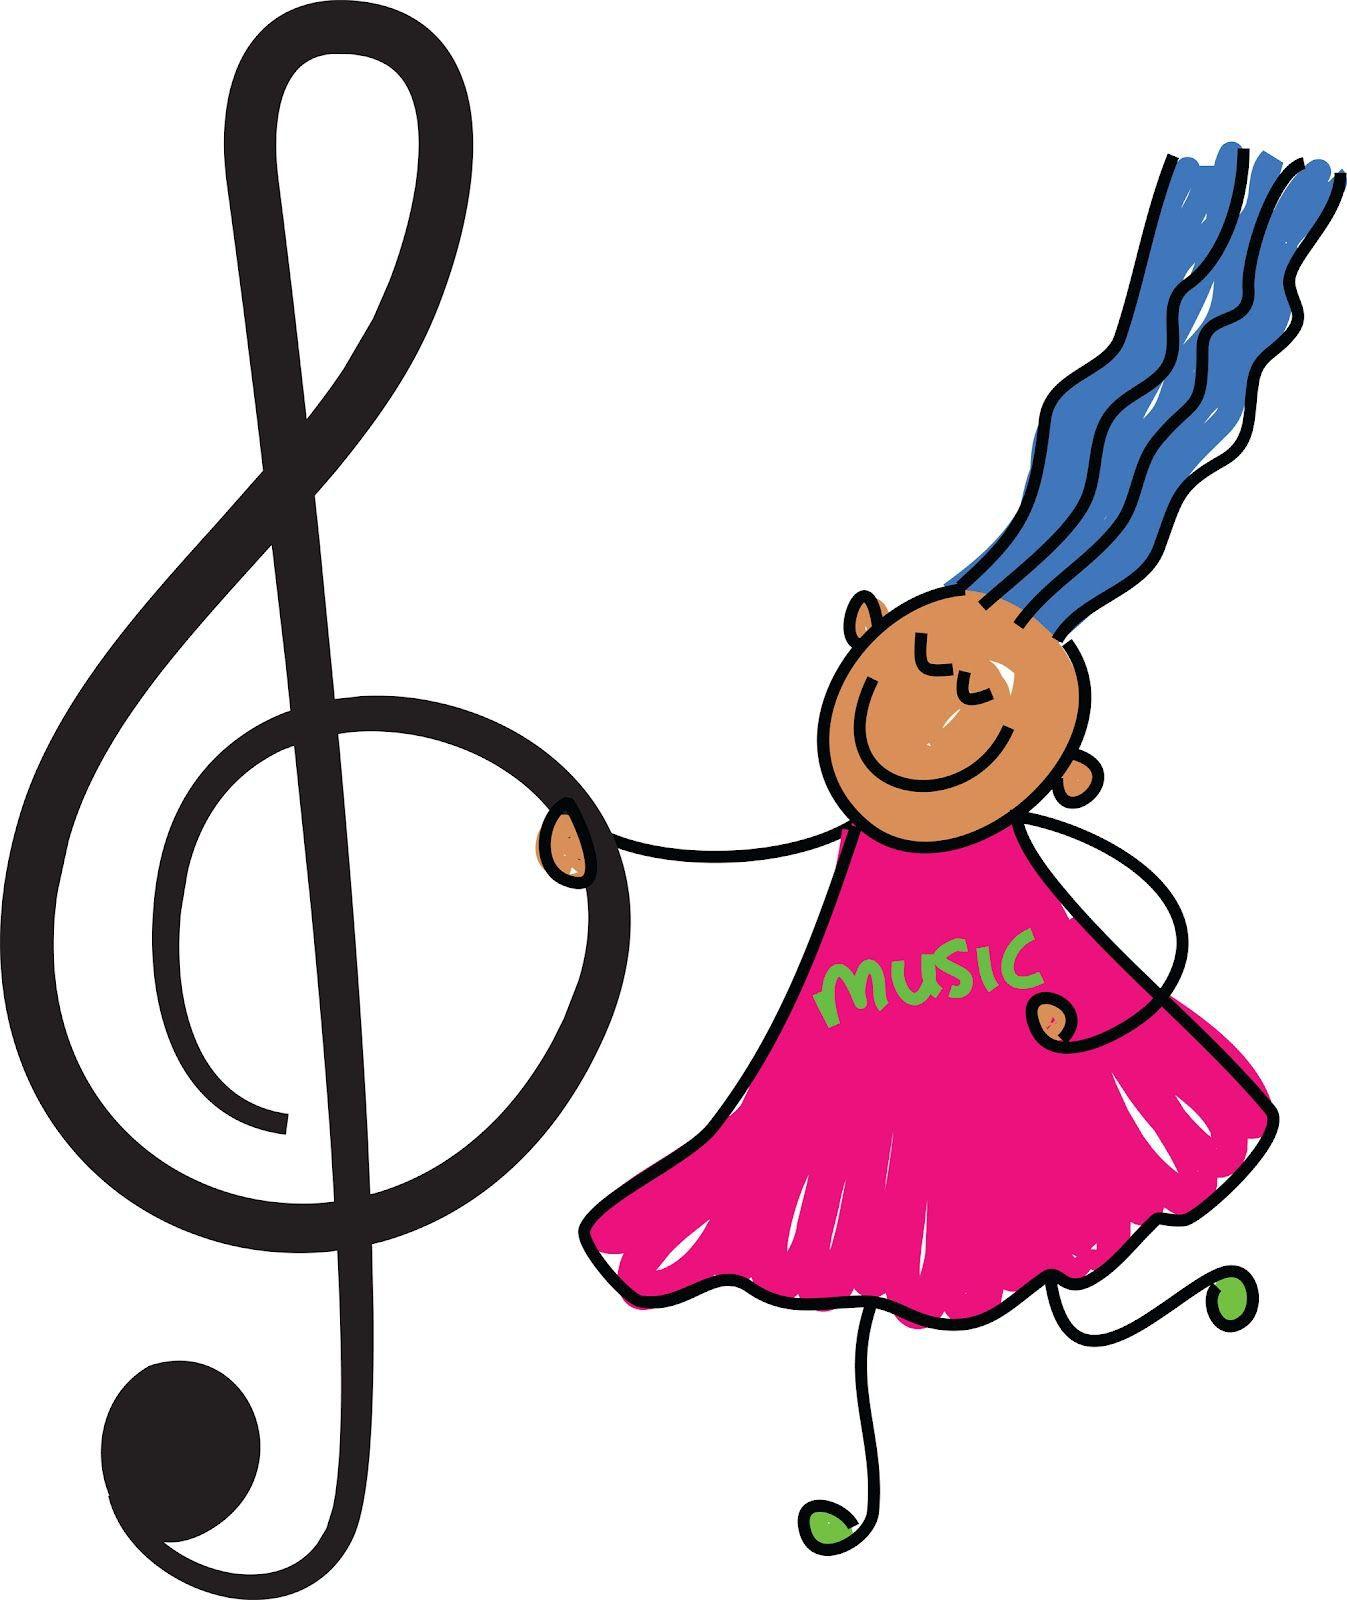 1347x1600 Music Teacher Clipart Elegant Music Clip Art For Kids Tkpurwocom
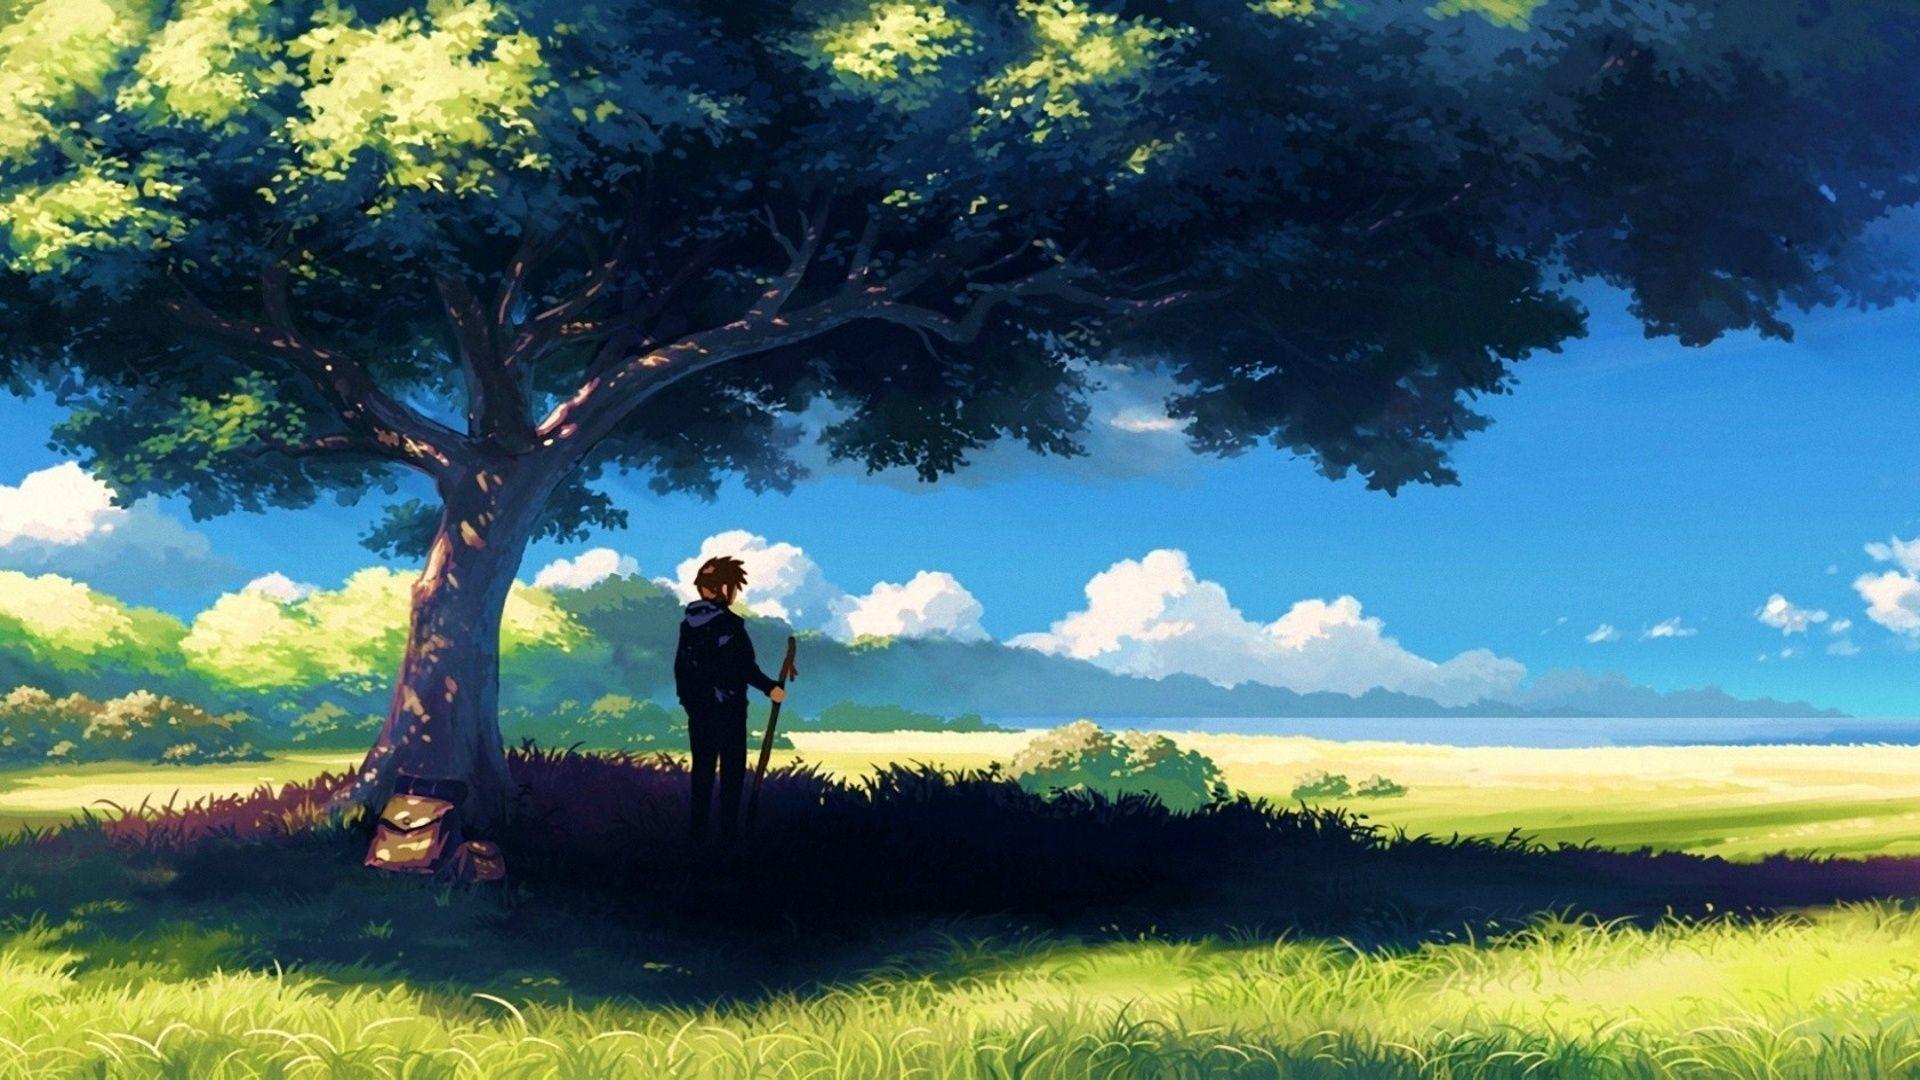 1920x1080 anime, scenery, boy under tree, anime scenery wallpapers
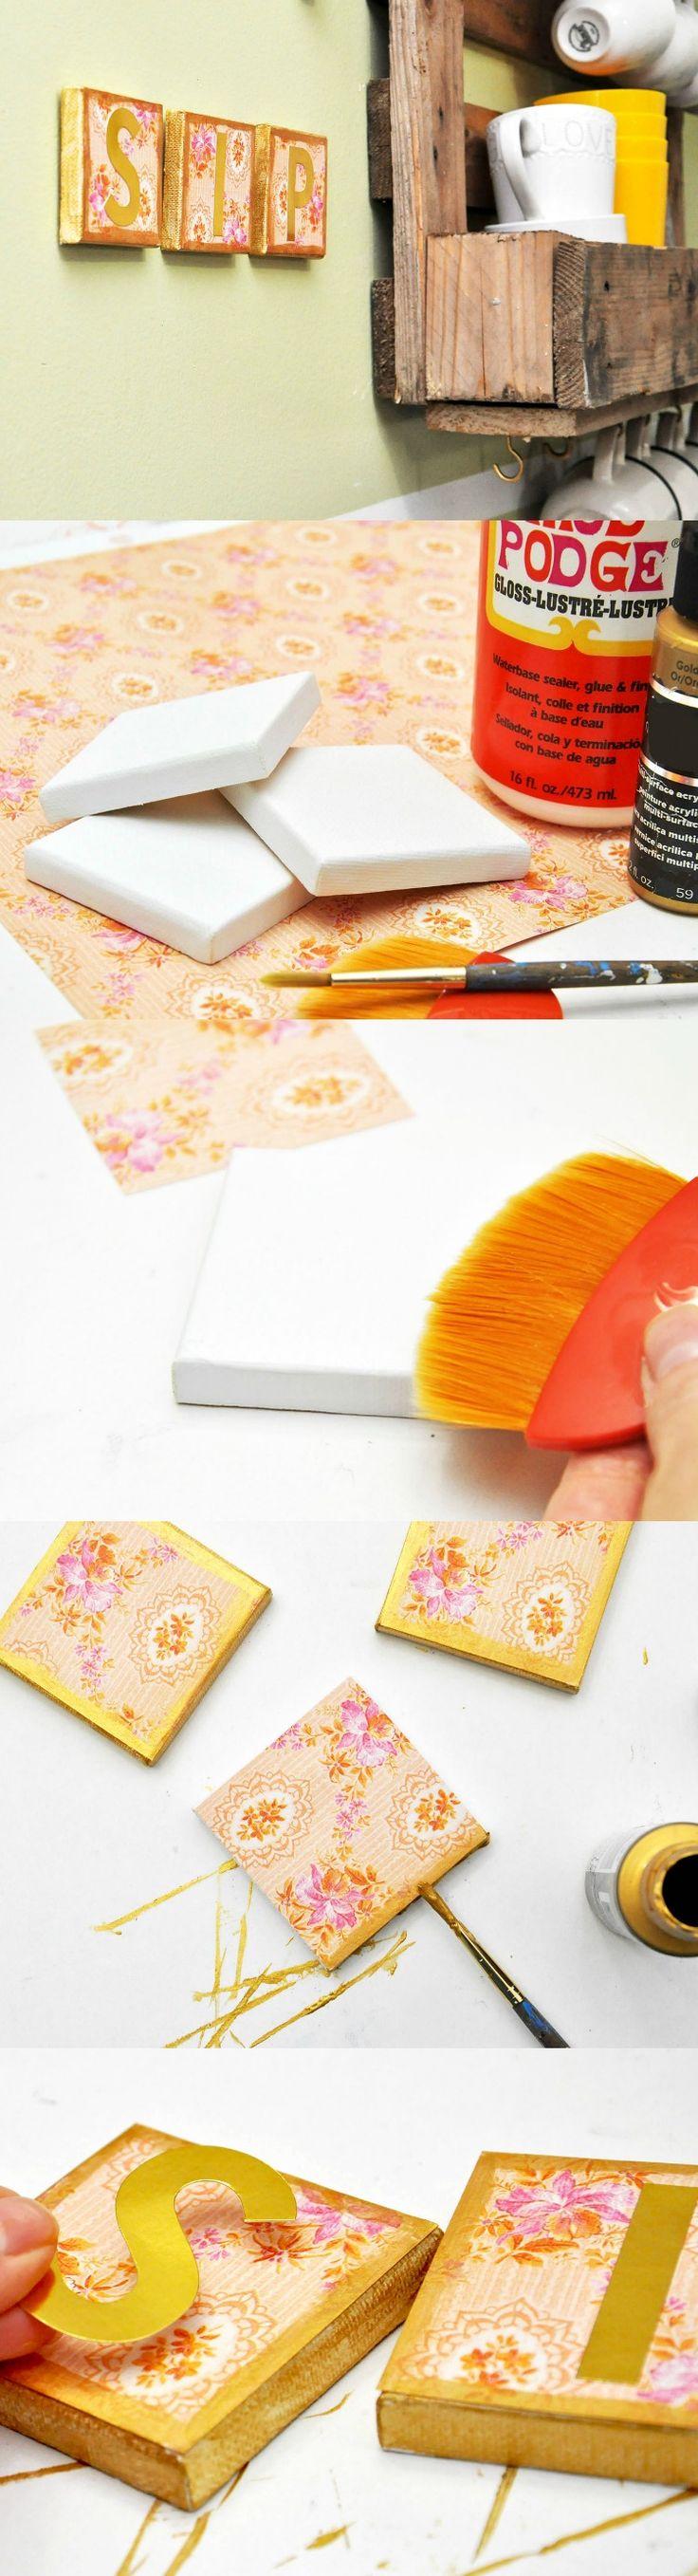 How to scrapbook canvas - Decoupage Sip Diy Canvas Art
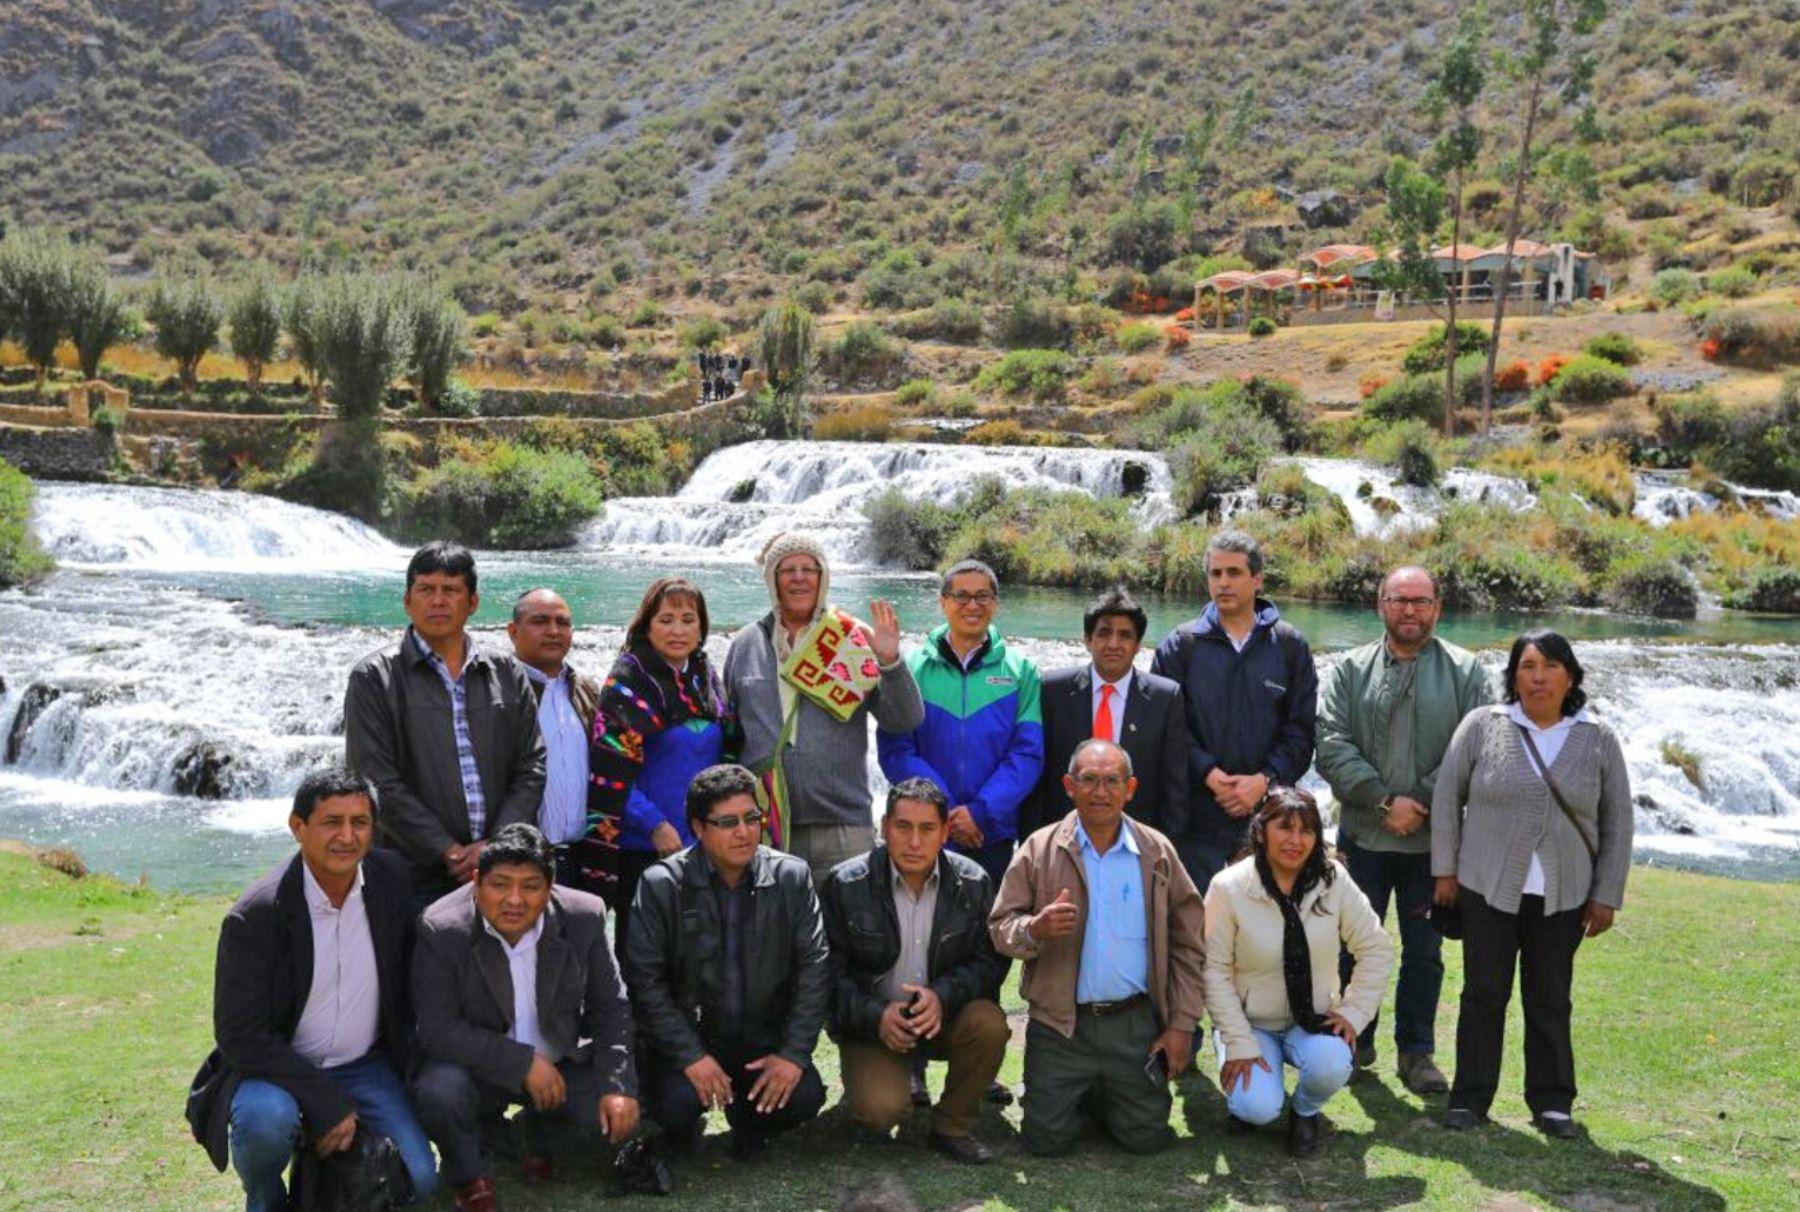 Presidente Pedro Pablo Kuczynski lanzó iniciativa que busca la conservación del agua.Foto:  ANDINA/Prensa Presidencia.

--------

Word for word, print the material above, but without its pictures.

__ANSWER SECTION__:
 1347x1600 Music Teacher Clipart Elegant Music Clip Art For Kids Tkpurwocom
 1920x1080 anime, scenery, boy under tree, anime scenery wallpapers
 How to scrapbook canvas - Decoupage Sip Diy Canvas Art
 Presidente Pedro Pablo Kuczynski lanzó iniciativa que busca la conservación del agua.Foto:  ANDINA/Prensa Presidencia.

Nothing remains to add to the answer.